Action item
The output should match, line for line, the records from the line containing "2.81 Carat Genuine" through the line containing "Dallas Cowboys NFL", with every picture left out.

Segment Start: Data under study

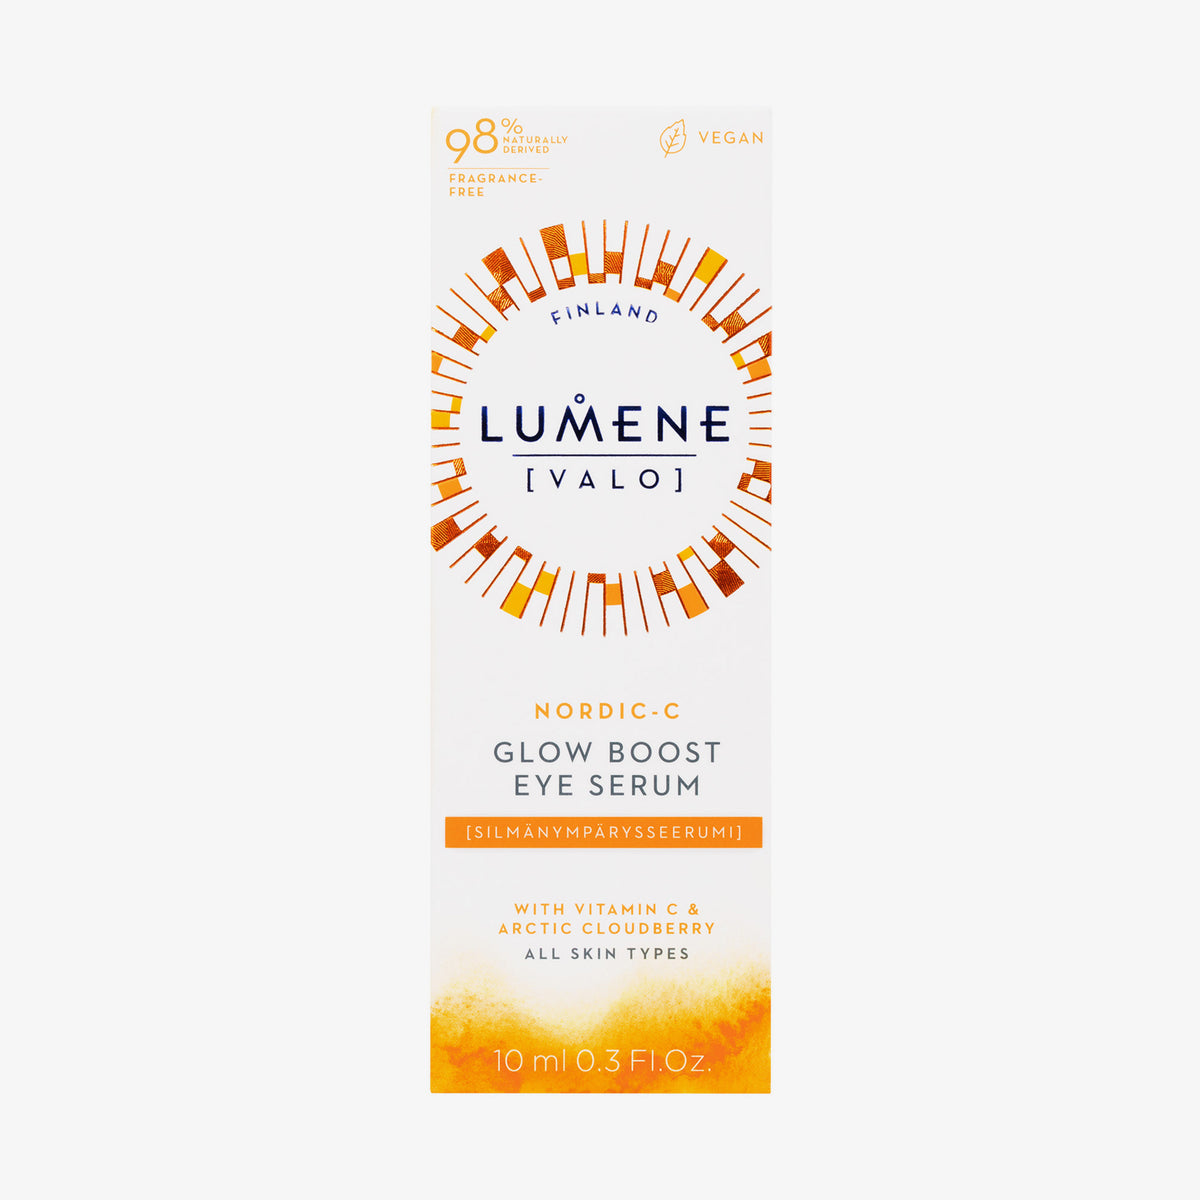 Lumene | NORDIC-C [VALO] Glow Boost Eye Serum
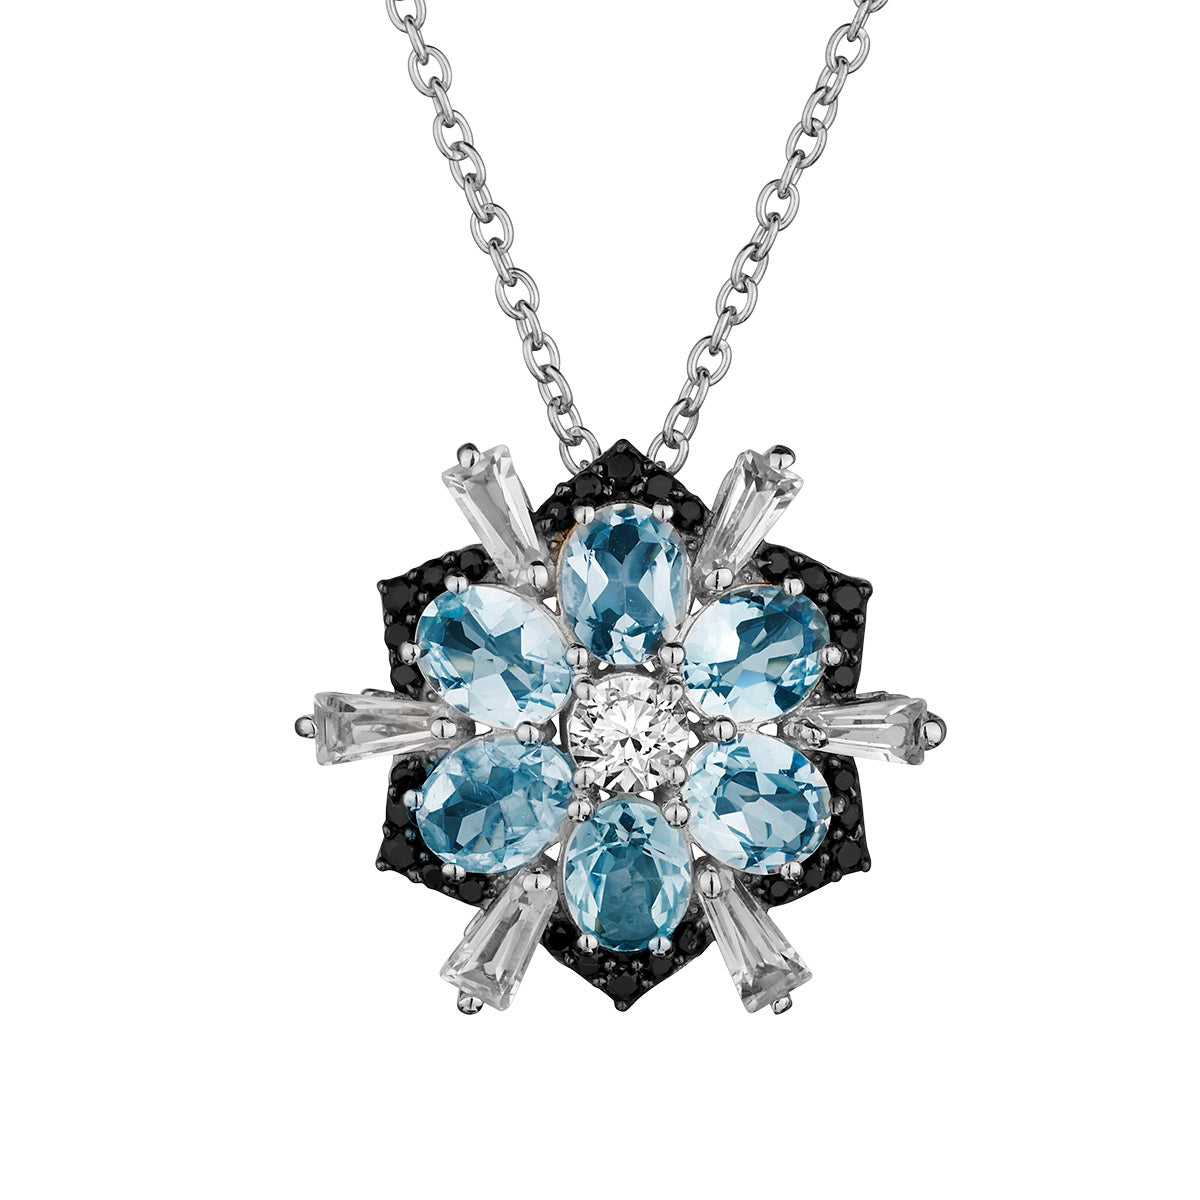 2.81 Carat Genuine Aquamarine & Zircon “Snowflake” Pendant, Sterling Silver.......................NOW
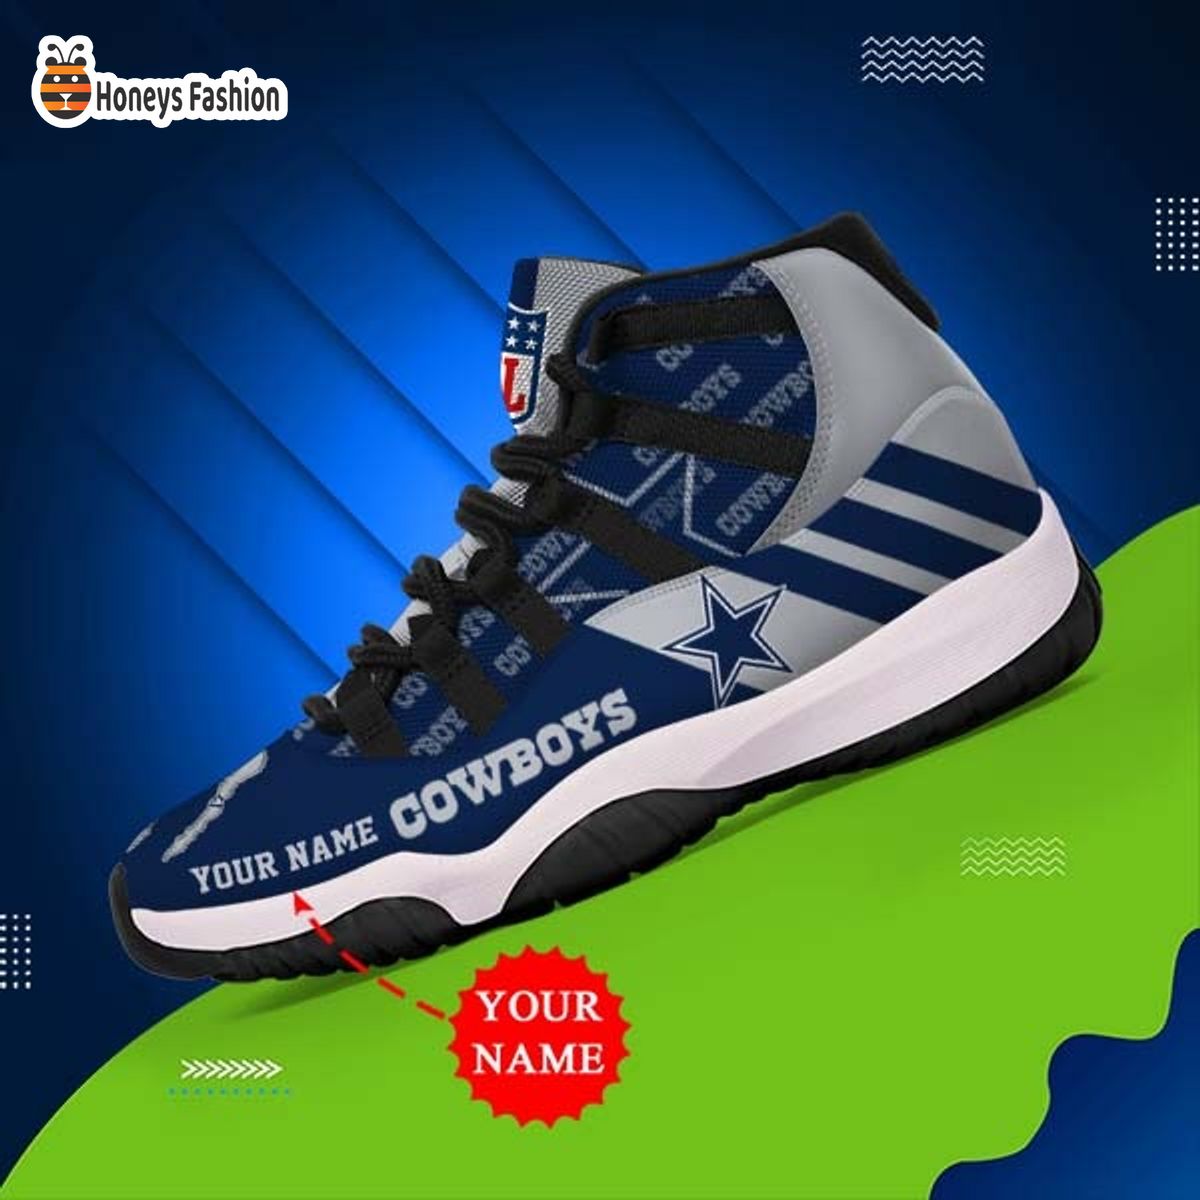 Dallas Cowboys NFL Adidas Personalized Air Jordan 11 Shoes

Segment End: Data under study
Segment Start: Data under study

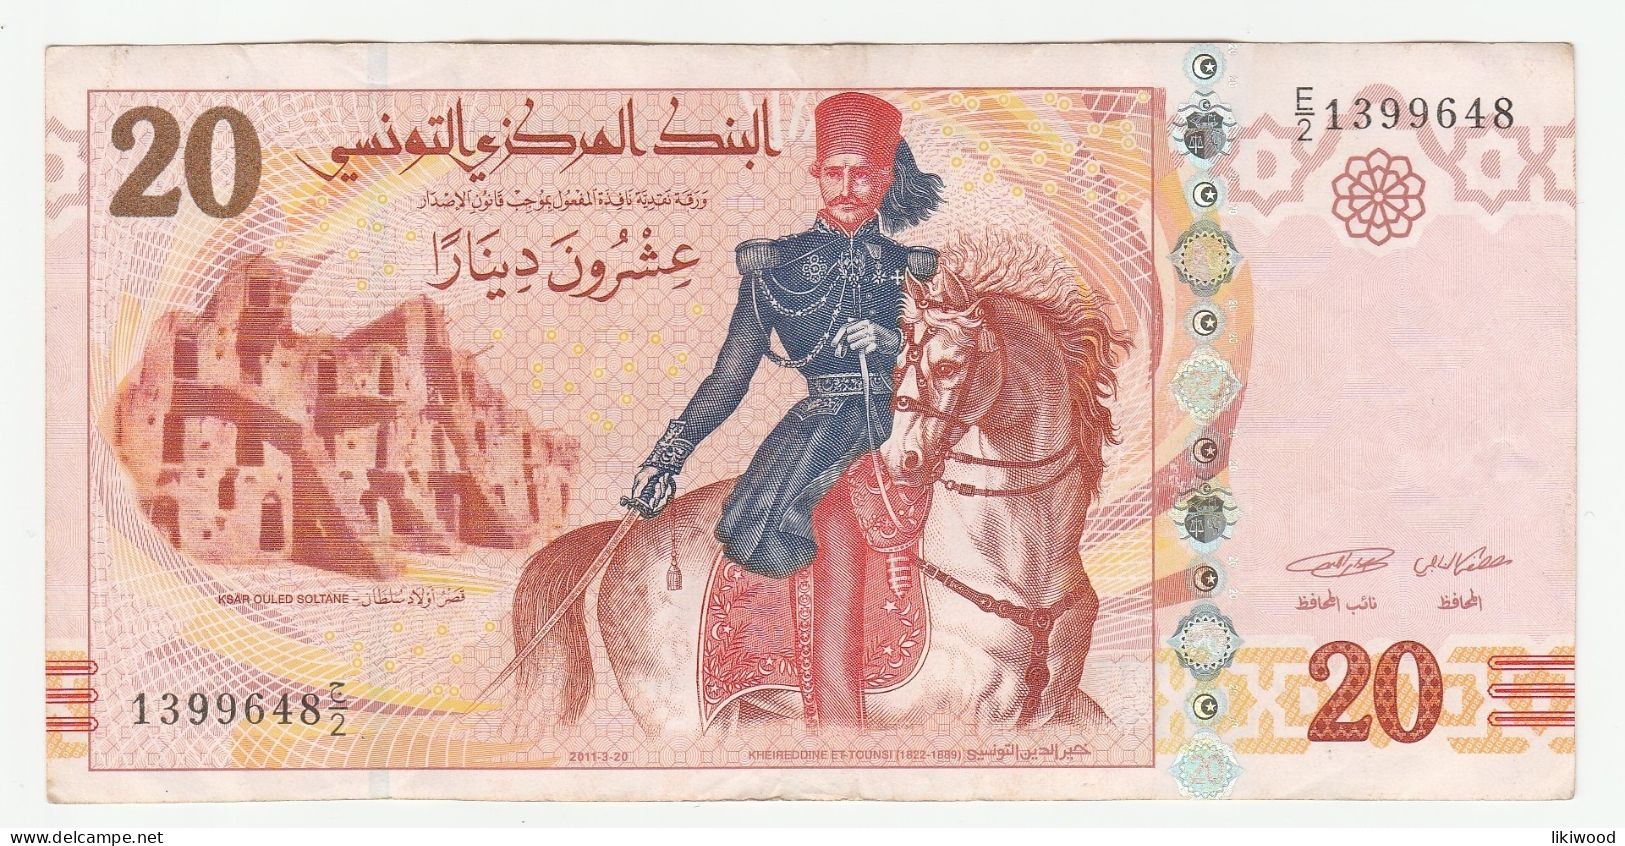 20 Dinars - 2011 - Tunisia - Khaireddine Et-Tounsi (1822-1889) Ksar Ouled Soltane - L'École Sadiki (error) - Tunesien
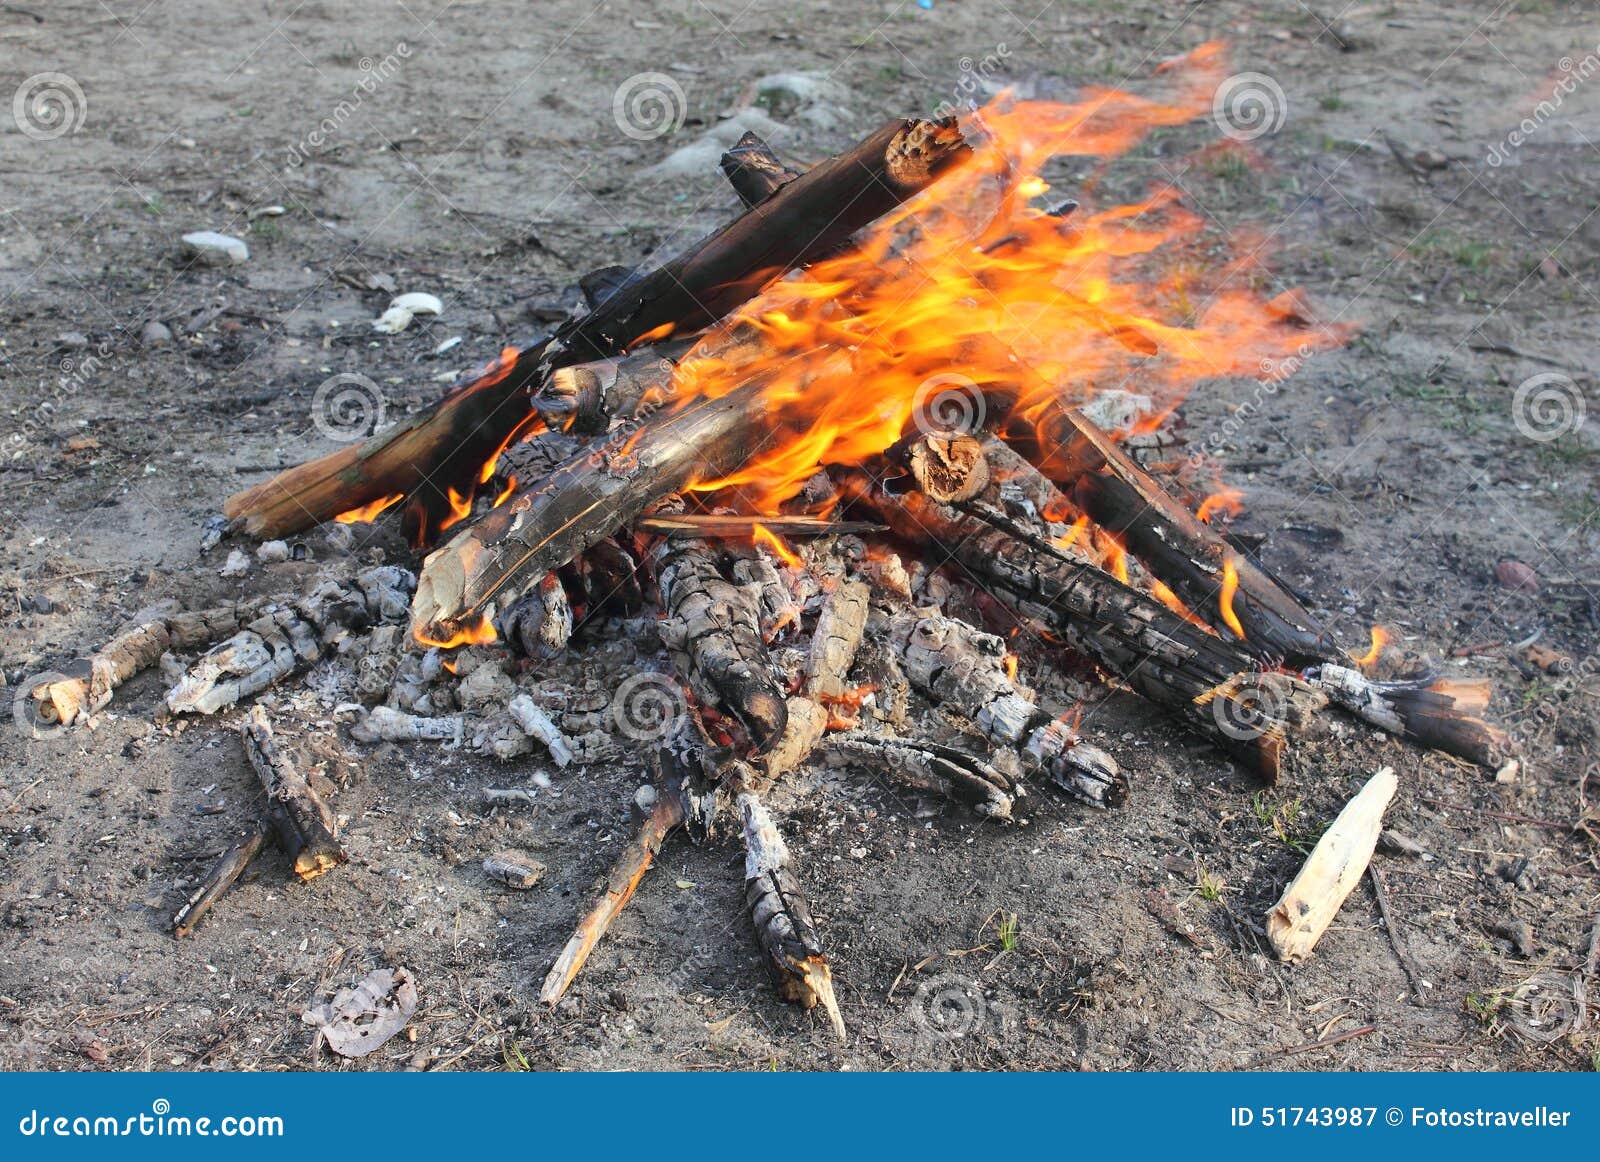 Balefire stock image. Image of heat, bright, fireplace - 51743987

Segment End: Data under study

Finished task
 2.81 Carat Genuine Aquamarine & Zircon “Snowflake” Pendant, Sterling Silver.......................NOW
 Dallas Cowboys NFL Adidas Personalized Air Jordan 11 Shoes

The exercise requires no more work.